- _Supplied material_
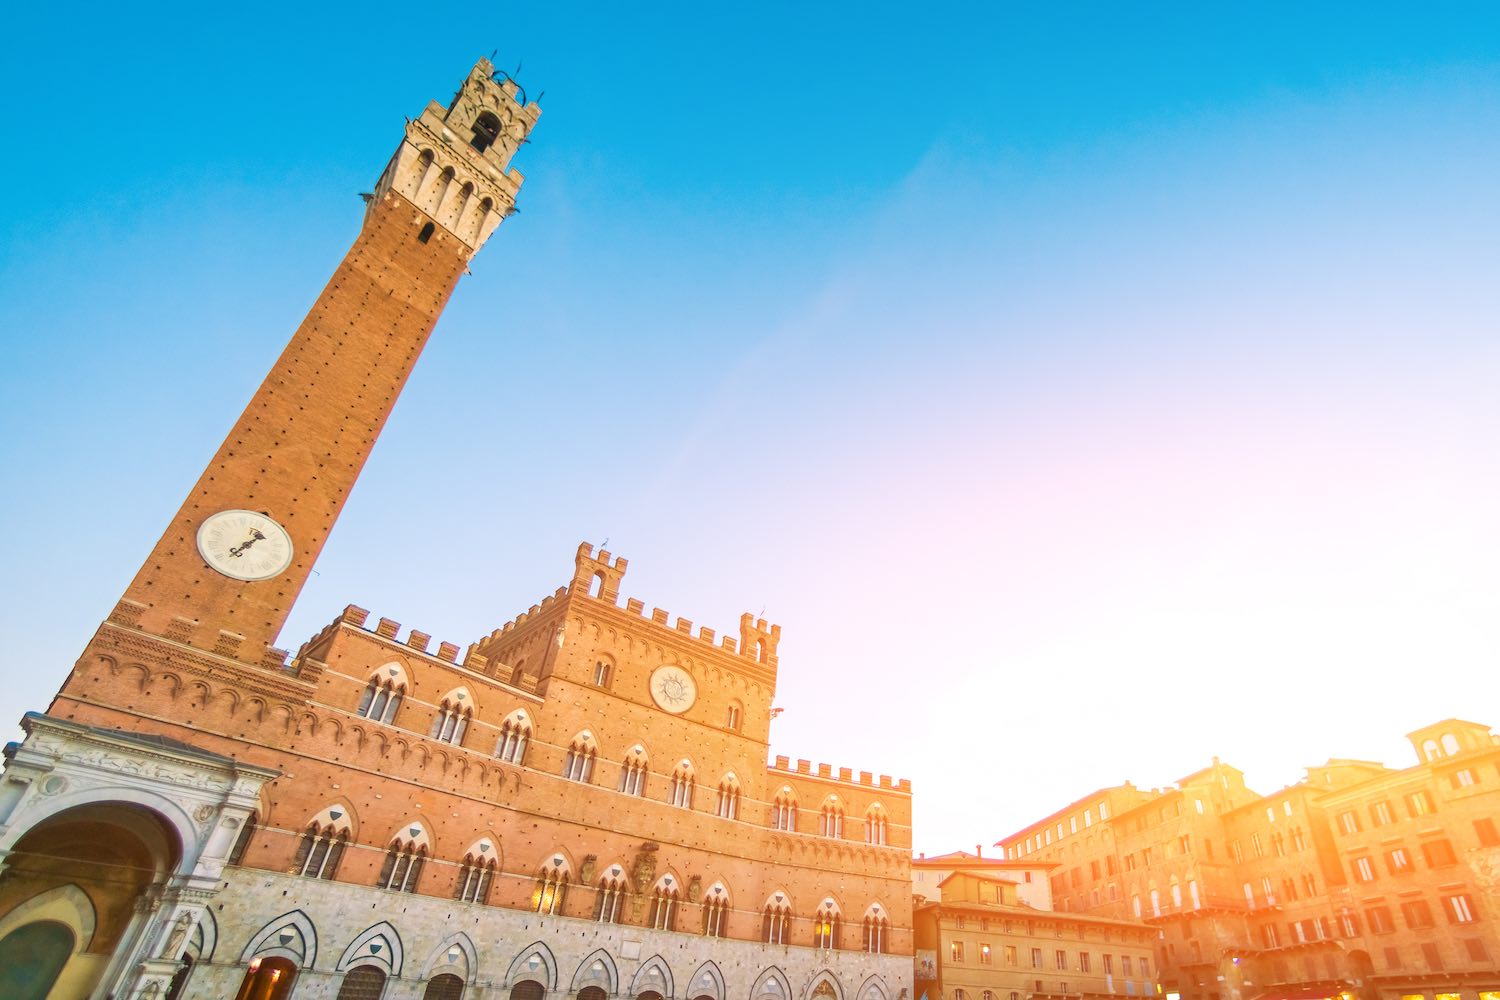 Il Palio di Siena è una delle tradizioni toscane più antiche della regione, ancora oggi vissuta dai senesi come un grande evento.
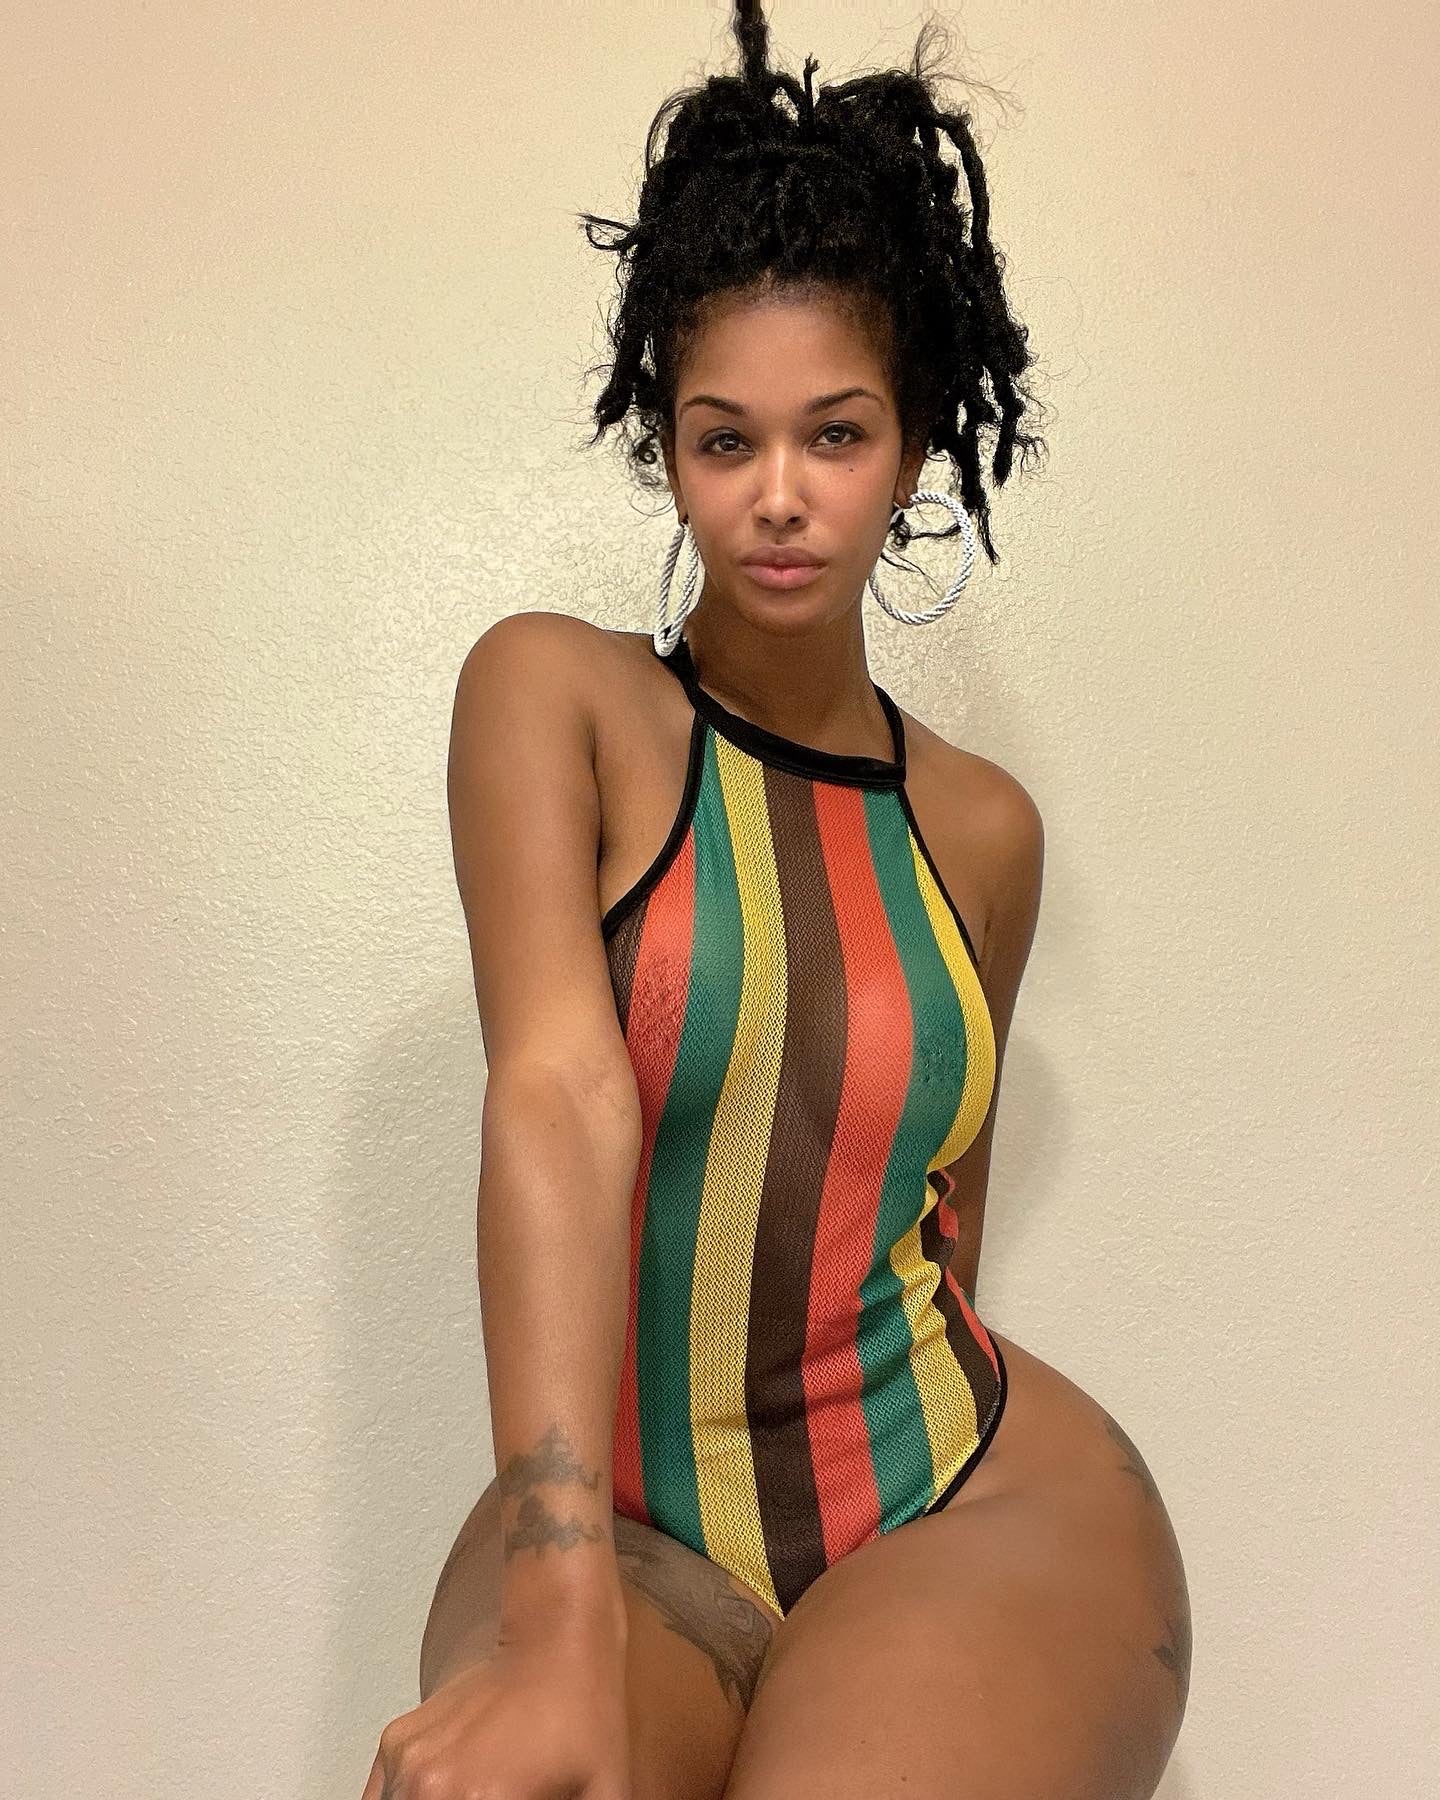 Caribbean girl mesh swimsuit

...

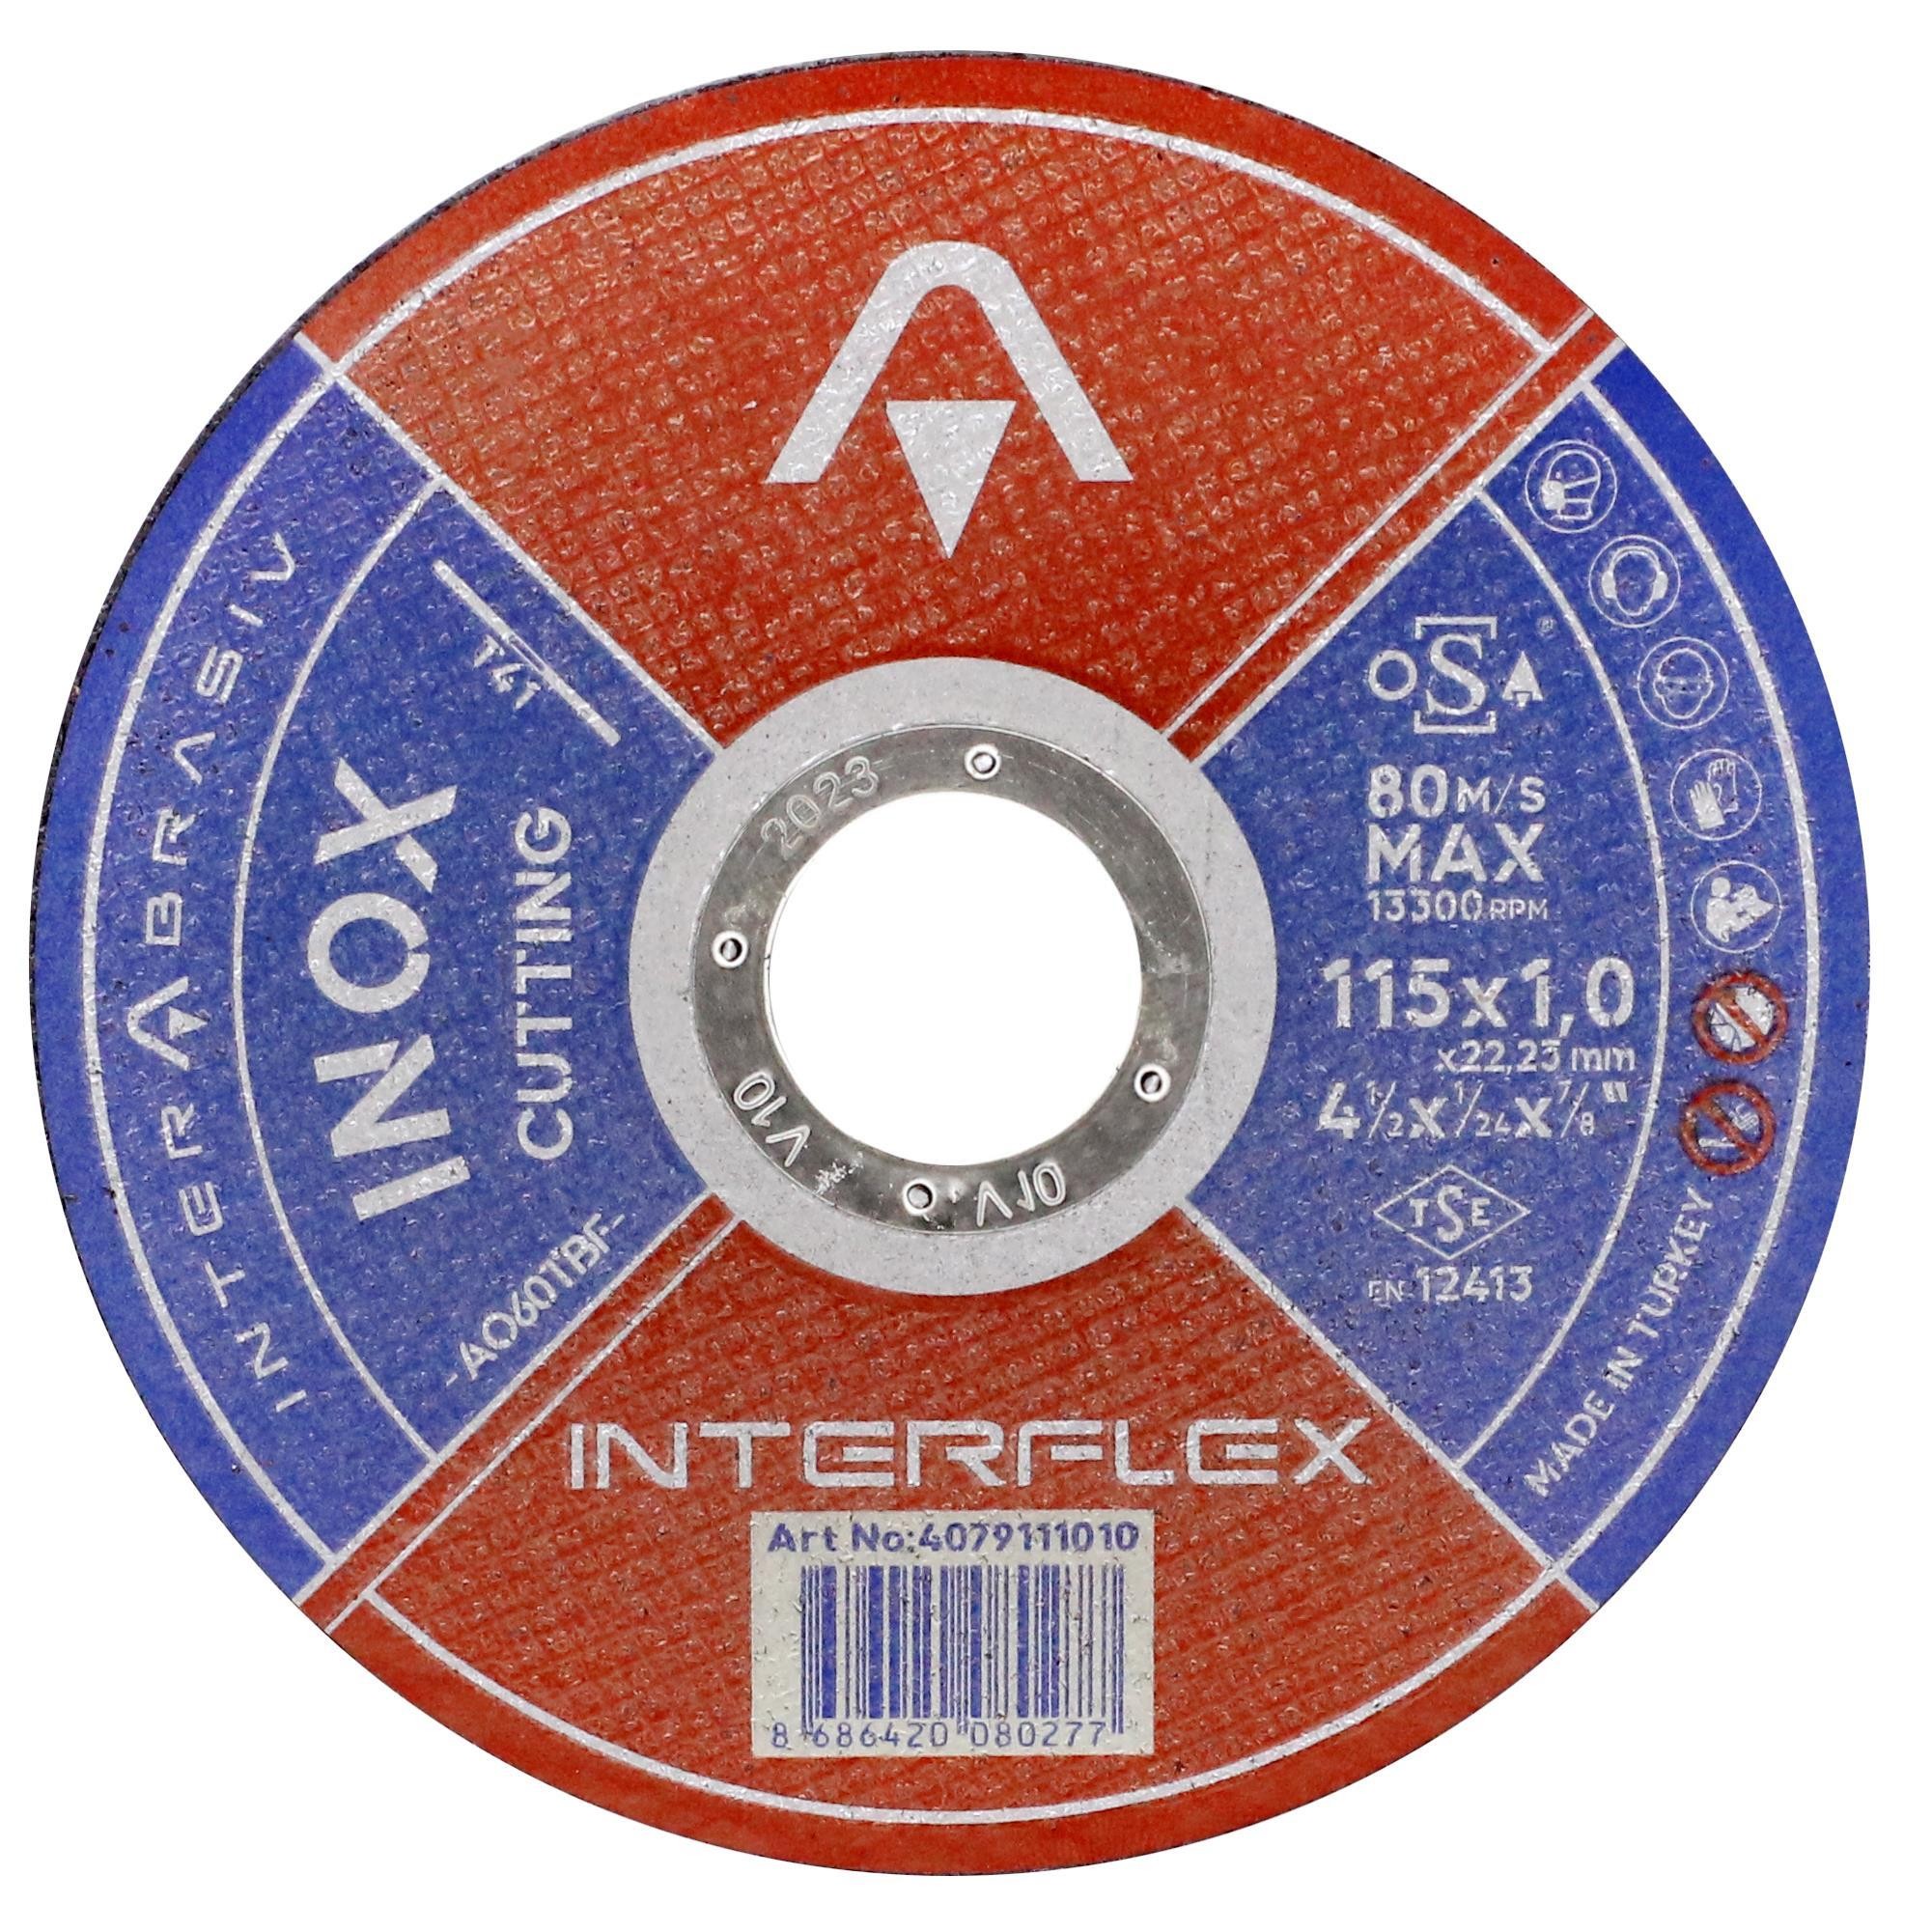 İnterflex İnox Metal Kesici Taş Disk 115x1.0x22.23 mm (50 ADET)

- _Work to be completed_
While skipping the pictures, transcribe the data above from the line showing "Il Palio di" through the line showing "Caribbean girl mesh swimsuit", exactly and with both ends.

- _Your response_
 Il Palio di Siena è una delle tradizioni toscane più antiche della regione, ancora oggi vissuta dai senesi come un grande evento.
 Caribbean girl mesh swimsuit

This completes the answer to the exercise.